Whisper Transcript | Transcript Only Page

00:00:00.040 | Welcome everybody. I want to thank you for coming to this session today. Today, I want to talk about
00:00:19.560 | AI-powered search and retrieval. And for those of you who don't know me, my name is Frank. I am
00:00:25.800 | actually a part of the Voyage AI team, and we recently joined MongoDB. I want to say probably
00:00:29.680 | about three to four months ago. Just a quick introduction to Voyage AI. We build the most
00:00:34.800 | accurate cost-effective embedding models and re-rankers for RAG and semantic search. A lot of
00:00:40.240 | the applications I think that we've seen that I've seen in particular actually go beyond that.
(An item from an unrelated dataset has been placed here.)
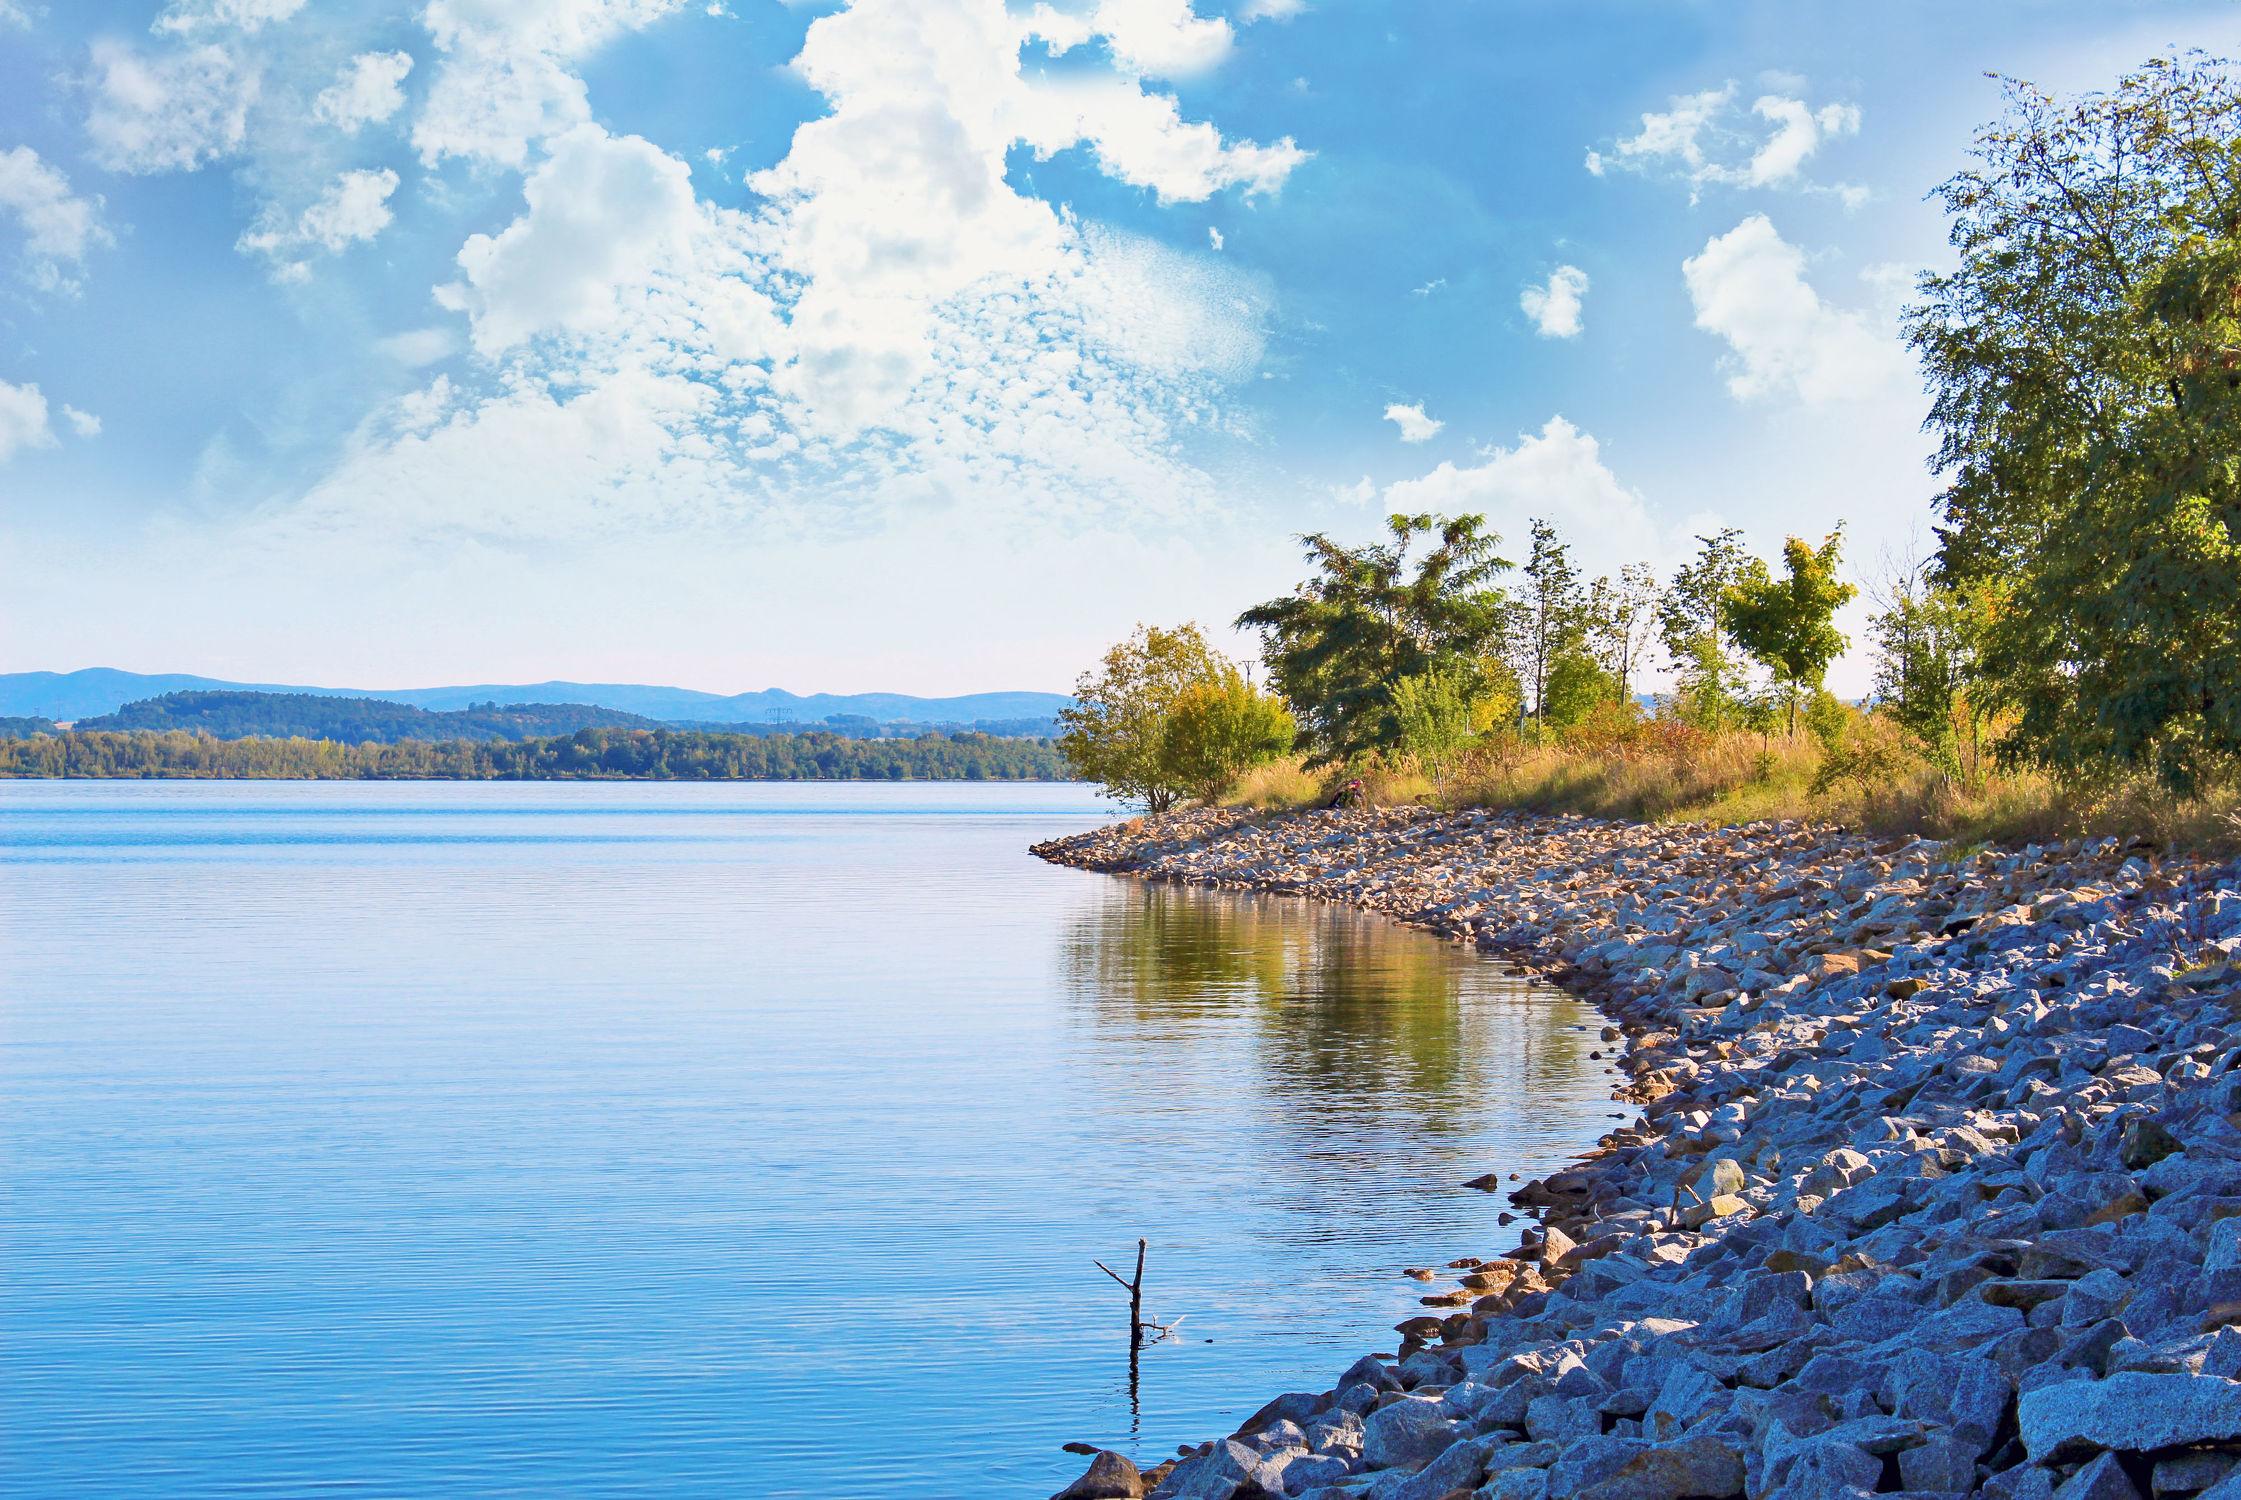 Bild mit Gewässer, Horizont, Wolkenhimmel, Landschaft, Seeblick, See, Berzdorfer See, landscape, Blick über den See

So some
00:00:44.080 | folks use it for classification, others for, you know, a variety of different applications about
00:00:47.920 | clustering, so on and so forth. Voyage is available via the Voyage AI API, the Azure and AWS
00:00:54.240 | marketplaces as well. And now we are a part of MongoDB. So representing MongoDB,
00:00:59.360 | yeah, thank you. So we're representing MongoDB here. And, you know, we're all really excited
00:01:03.760 | to see what the future will hold. And the reason, you know, I think in the past when I would give
00:01:08.480 | presentations like this, I'd actually talk very, very specifically about things like evaluating,
00:01:13.840 | evaluation for embeddings, right? I would talk about things like, you know, how do we rankers
00:01:18.560 | play a role in your ultimate retrieval stack? And today I want to go a little bit higher level.
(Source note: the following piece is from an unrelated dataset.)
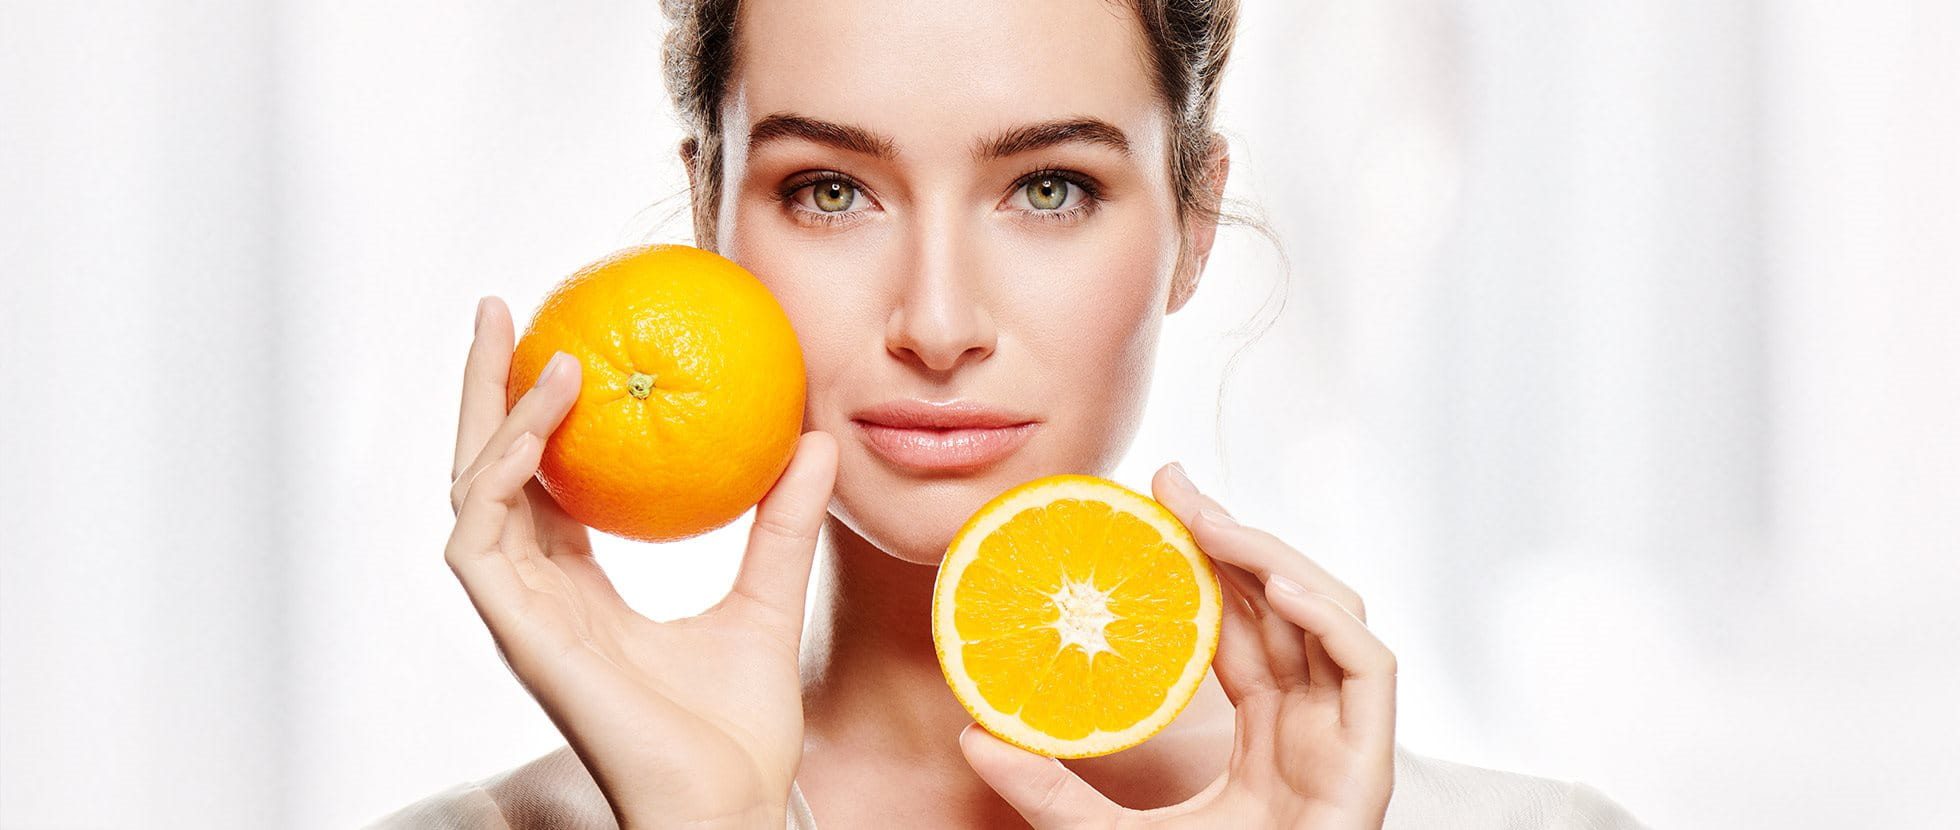 Vitamin C antioxidant for skin

00:01:24.080 | I want to talk a little bit more about what I like to call AI search. I know it's a very, very broad term, has a
00:01:29.040 | lot of different meanings to different folks. But I want to go -- I want to start -- use that as a
00:01:32.480 | starting point and then talk about where we are today and also to a secondary extent where we're
00:01:36.560 | going as well. So a quick agenda here for the next 10 or so minutes. The first I want to give a quick
00:01:43.520 | refresher, you know, a little bit about embeddings, about search and retrieval more broadly in this day
00:01:50.480 | and age. Then I'll talk about some real world applications. I think each of the applications -- there's
00:01:54.640 | going to be three. Each of the applications I'm going to talk about -- I'll probably spend about a minute
00:01:58.080 | each there -- there's going to be a lesson or something to learn or a key fact to take away from that
00:02:05.760 | application. And then what's most exciting, I think, to me and hopefully to the rest of you as well, is what's
00:02:10.160 | to come, right? Where's the future of AI-powered search and retrieval? And where are we going from here?
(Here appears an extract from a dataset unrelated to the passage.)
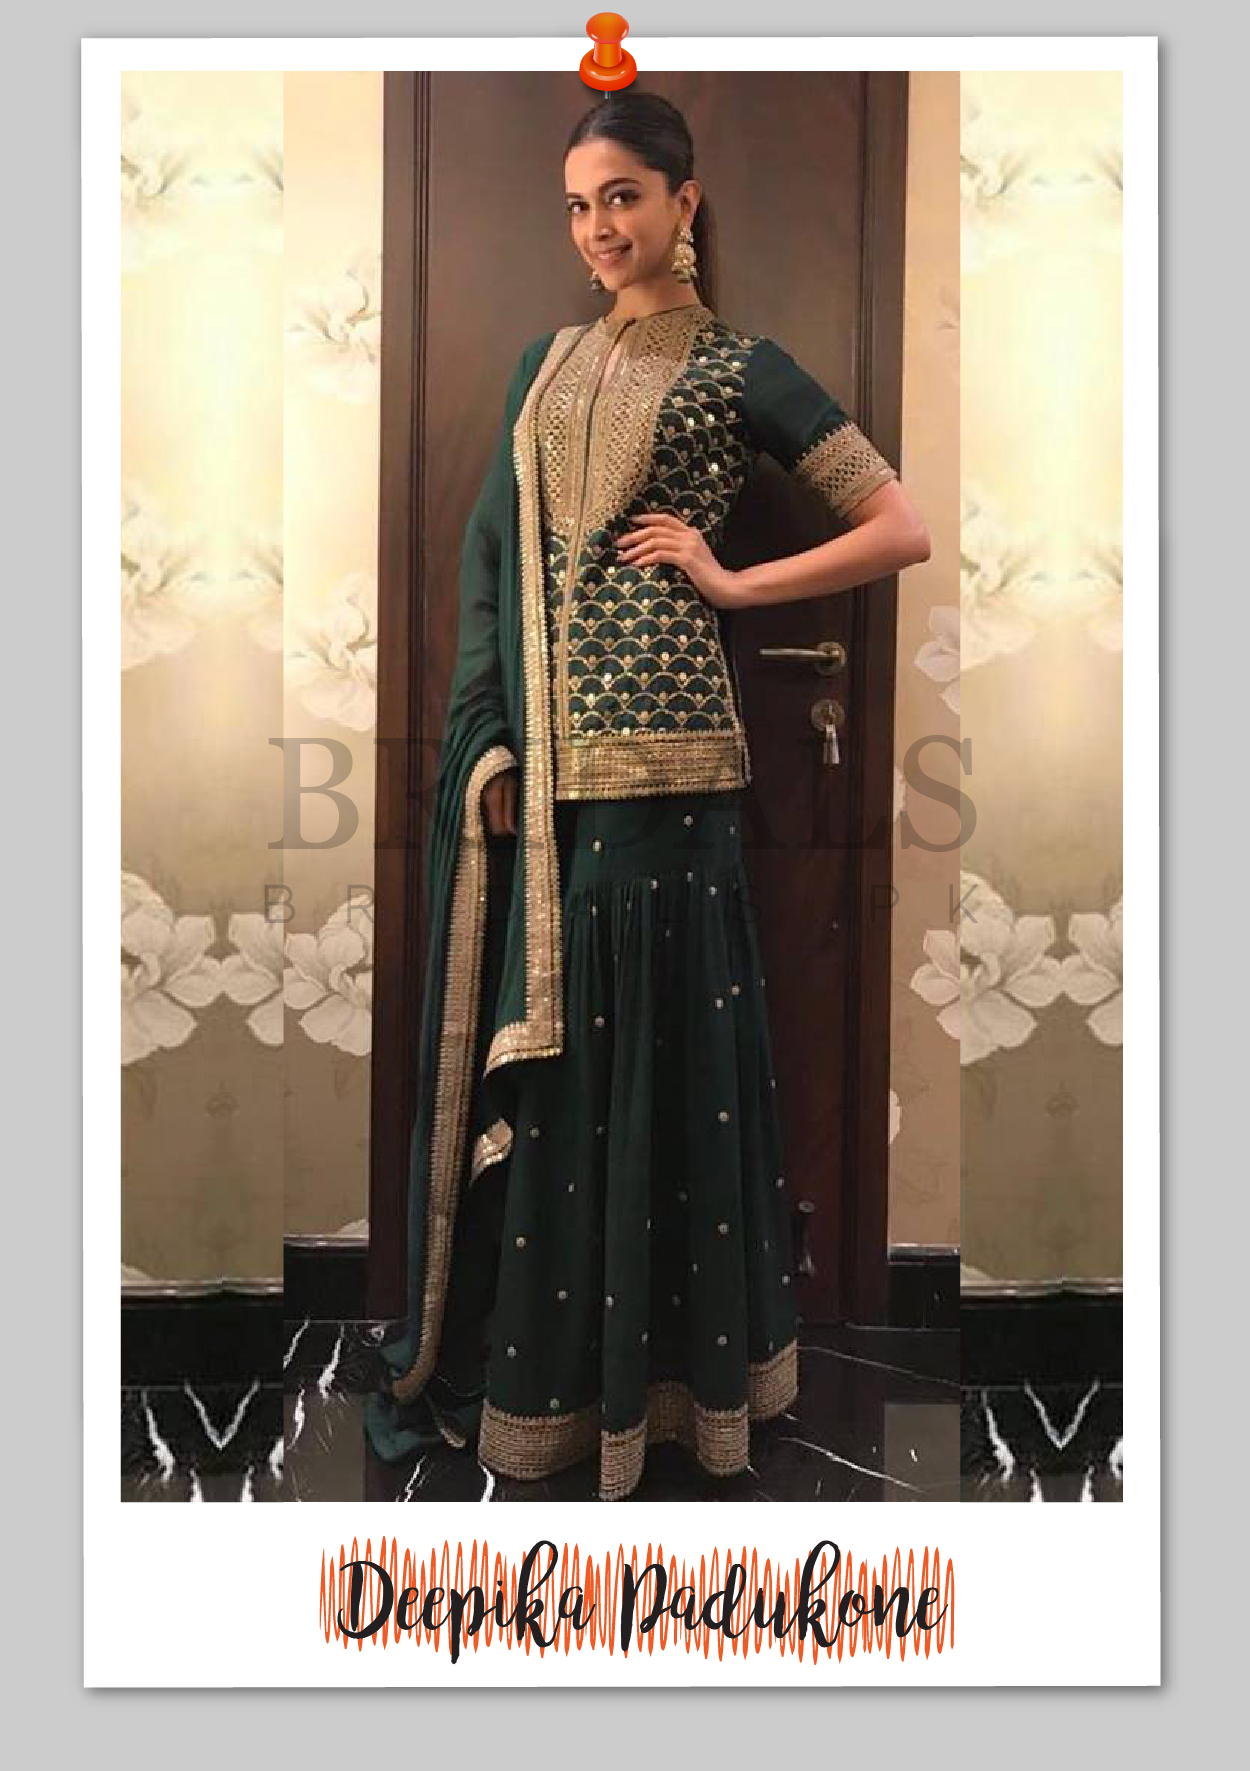 Deepika Padukone Wears Sabyasachi

00:02:15.680 | So a quick refresher. I'm going to blow through these pretty quickly. AI-powered search, at least how I define it, and how I hope this will continue to be defined moving forward.
00:02:20.640 | is a search system that finds related concepts even without identical wording. I think this is very important, right?
00:02:29.760 | So a lot of folks -- you may be familiar with things like TF-IDF or BM25. You know, AI-powered search goes way beyond that, right?
00:02:37.120 | Not only -- it can understand keywords. It can help you retrieve based on some of these more traditional information retrieval algorithms. But it can also help you find related concepts.
00:02:46.640 | To that point, it also understands the user's intent. So, for example, if I am in a -- you know, I'm trying
00:02:55.760 | to search for some products to buy, something to buy, and I say my best friend is sick, perhaps it can recommend me some, you know, get well baskets or something like that, right?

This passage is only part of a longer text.